Low Power E5 Development Kit (How to get uA level STOP2 consumption)?

Hi All,

I can’t for the life of me figure out how to get the Lora E5 Dev Kit board to achieve the low power consumption I’m expecting when sending the chip into low power STOP2 mode.

I am developing a custom STM32Cube application for the devkit board based on the example code and wiki instructions and powering the dev kit board via the USB-C port.

Instead of expected 10s of uA I am always seeing a minimum current consumption of about 4-5 mA while in STOP2, even when using the highly simplified LowPower example project or a new project with no chip configuration other than going into STOP2 at boot.

One clue I have noticed, consumption is a bit lower on my meter when connecting the board via a USB 2.0 micro-B cable than when connected via a USB 3.1 C cable.

At first I thought maybe the built in radio is not being disabled in STOP2 (the SX126X) but even when asserting LOW on PA4 and PA5 RF control pins there is no change.

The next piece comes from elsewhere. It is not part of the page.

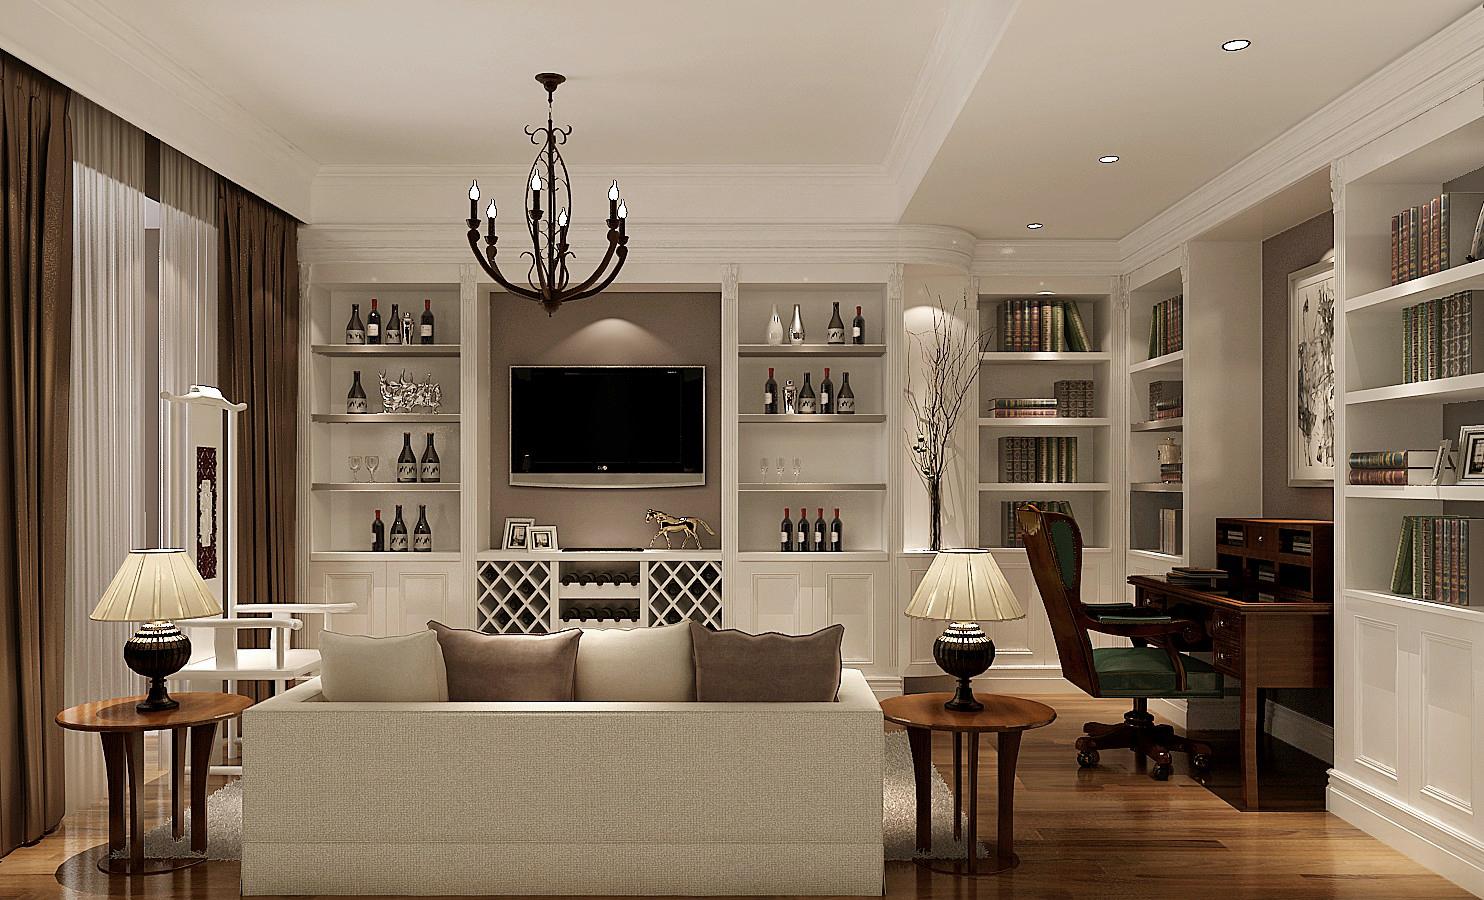 简约 美式 高度国际 时尚 公寓 白领 80后 白富美 温馨 客厅图片来自北京高度国际装饰设计在果岭Class美式简约幸福之家的分享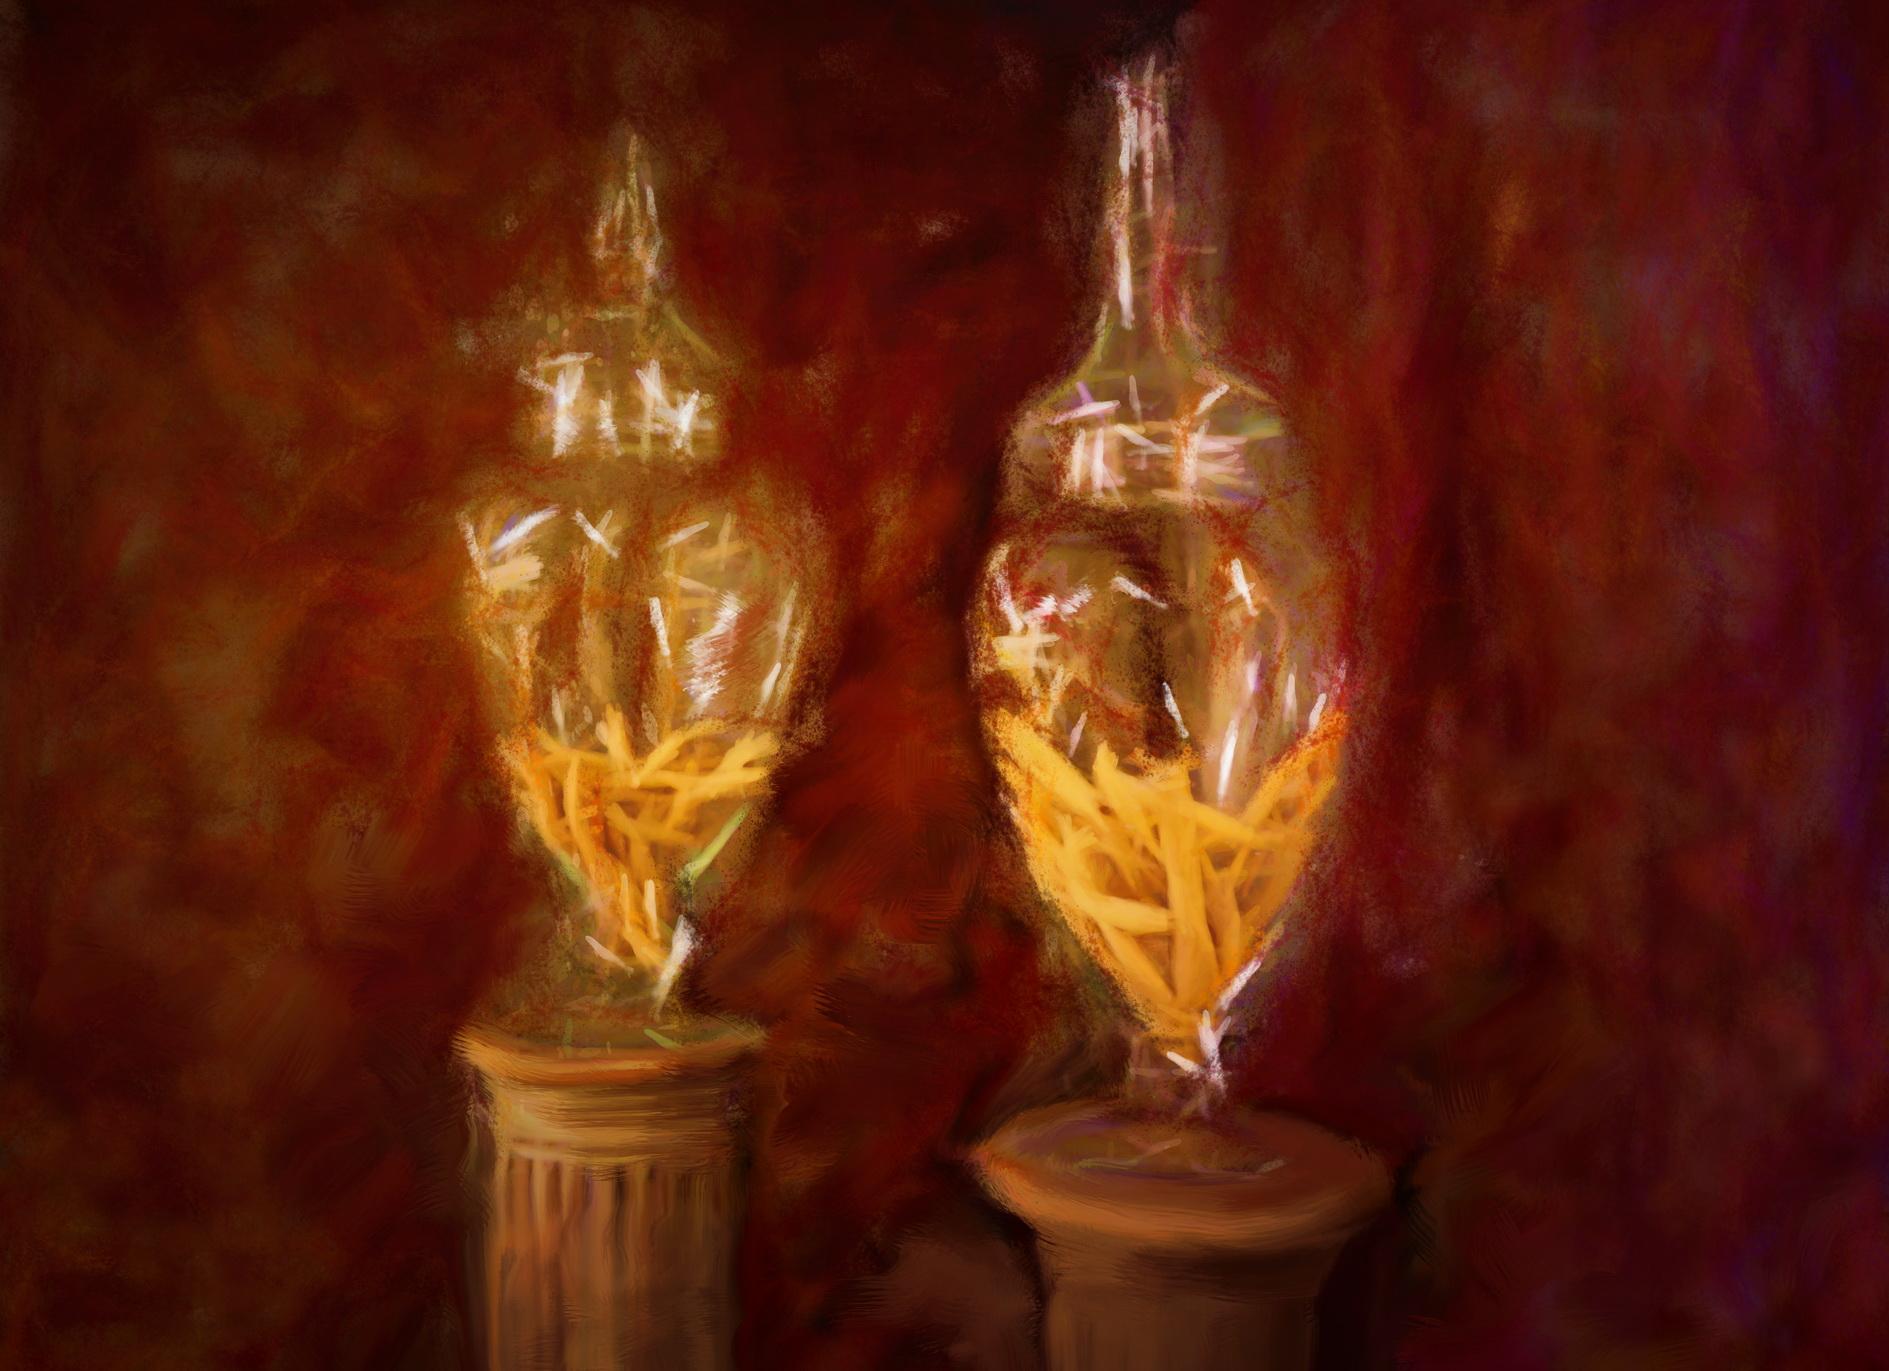 Flamant design vazen, een schilderen van Laure Van De Meele, Belgische kunstenaar

To minimize consumption I have removed the 5V and 3.3V enable jumpers to ensure there is no power to the onboard RS485 transceiver and IIC temperature sensor (though this had no measurable effect on consumption). Connecting or disconnecting the ST-Link debugger has a small effect, a few 10s of uA but still board consumption is over 4mA overall.

Maybe the CP2102N USB->TTL chip is consuming this power somehow even though there is no active serial connection (I am seeing this even when connecting via a cable with no D+/D- data lines). If so, it’s confusing because the low power example in the Wiki shows the E5 Mini board connected via USB through a meter achieving <1mA power levels, and that board also uses the CP2102N.

Any ideas? Thanks for any help!

Quick update, this does appear to somehow have to do with the current consumption of the CP2102N chip, even when D+/D- are disconnected and UART is not initialized (pins are high-Z).

When connecting to the battery terminal J5, power consumption while in STOP2 is less than 10uA. ~125mA when transmitting and ~4-5mA when receiving, exactly as expected!

From the CP2102N datasheet, it seems this chip should consume about 195uA when in USB suspend but may consume up to 9mA at 115200 baud or up to 14mA at 3 Mbaud, fairly close to what I am seeing. Not sure why the chip wouldn’t be in USB suspend state when no data lines are present, but will need to dig into the datasheet more. This still doesn’t explain how the E5 mini wiki example can achieve <1mA power consumption when powering through the CP2102N chip.

Sure enough if I put the host PC to sleep so that the suspend signal sequence is sent on the USB bus the board power consumption drops to about 350uA, which is pretty close to what would be expected when the CP2102N is in SUSPEND state rather than normal operation.